Всюду виднелись следы косолапых друзей, причём самого разного калибра. Но ведь эти звери всю зиму не ели и должны быть очень голодными! Неужели придётся возвращаться? Перспектива — стать завтраком из туристов для братьев наших меньших выглядела не очень-то привлекательно.

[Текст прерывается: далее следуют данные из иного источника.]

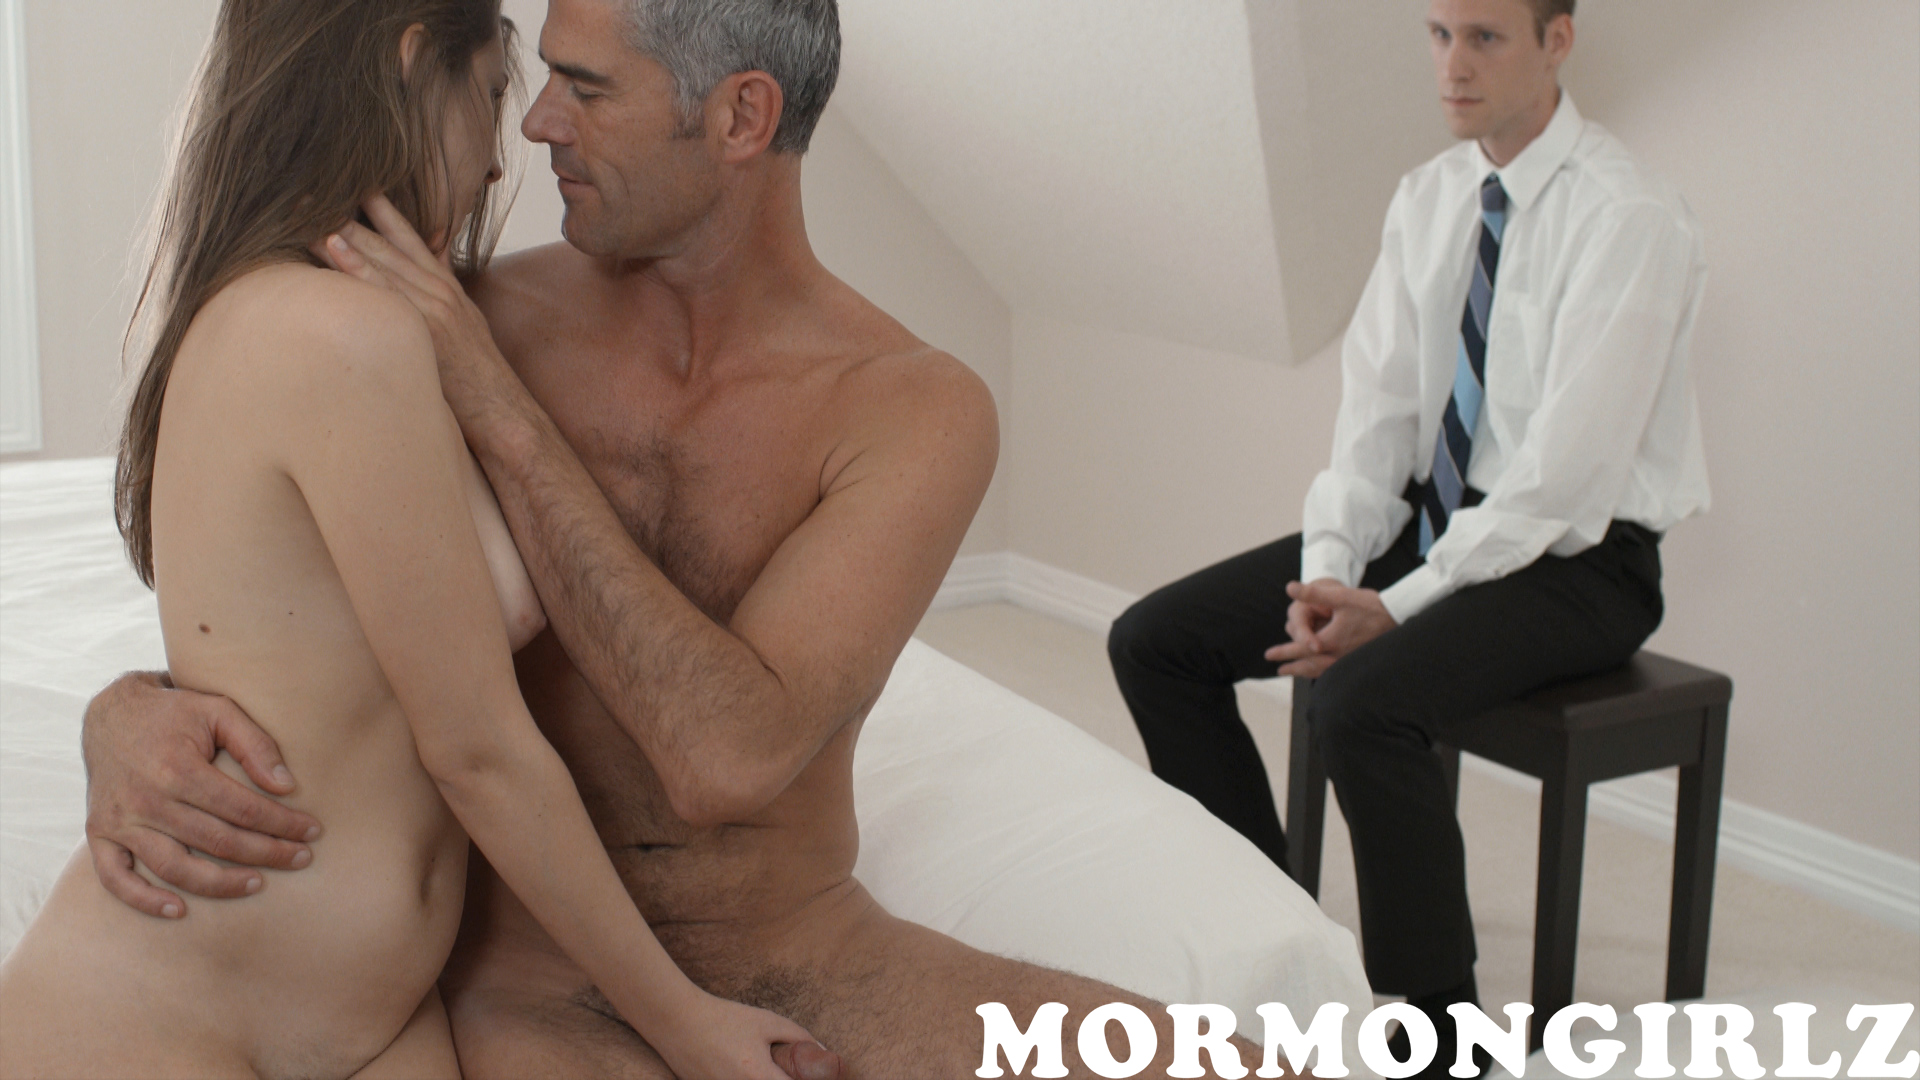 076_mormongirlz_0029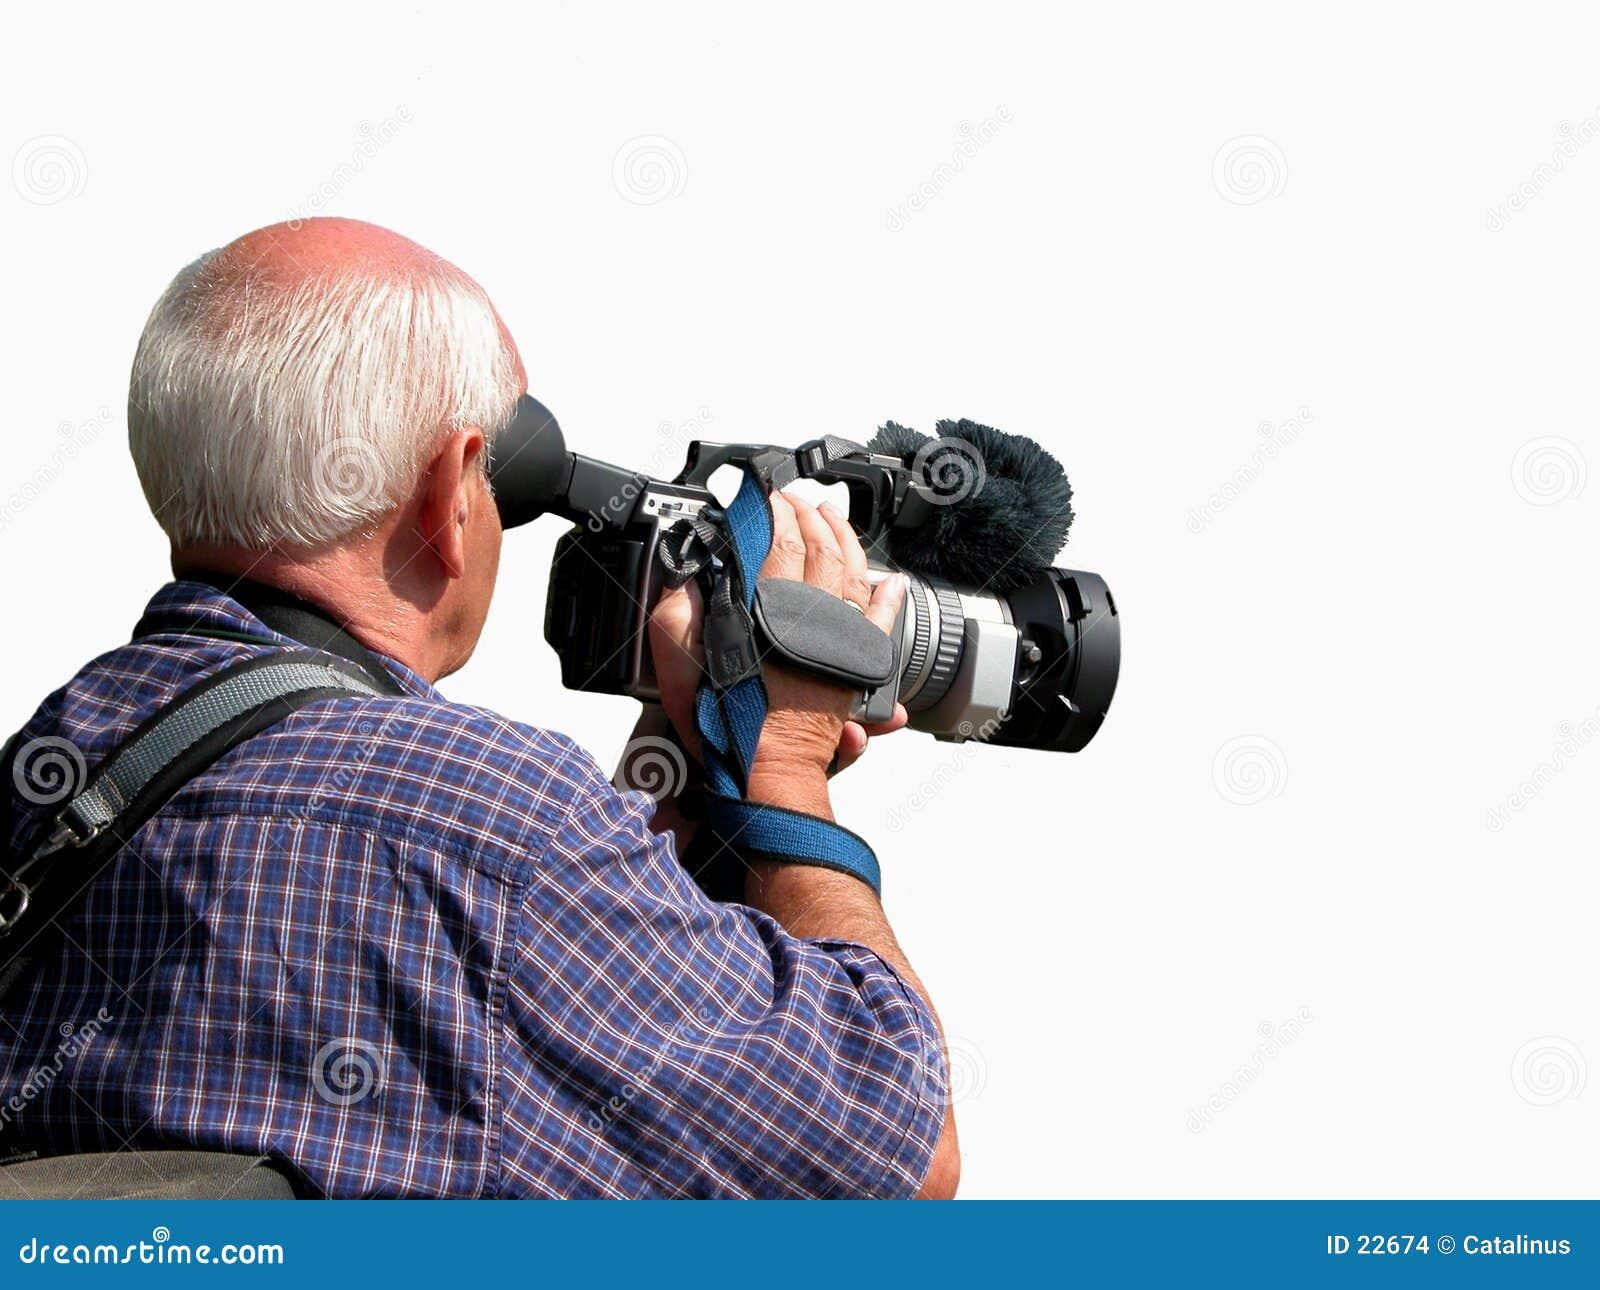 Download 浓度 库存照片. 图片 包括有 电影, 现有量, 蓝色, 空白, 照相机, 影片, 浓度 - 22674

Сомневались недолго. Посовещавшись, двинулись дальше по намеченному маршруту, обдумывая на ходу всяческие меры безопасности. Весь дальнейший наш путь сопровождался высокой вероятностью встречи с генералом Топтыгиным: и на Буюкских озёрах, и в урочище Сарысаз, и у подножья горы Кара, и на реке Ложа. Это обстоятельство вызывало у участников группы бурный поток юмора.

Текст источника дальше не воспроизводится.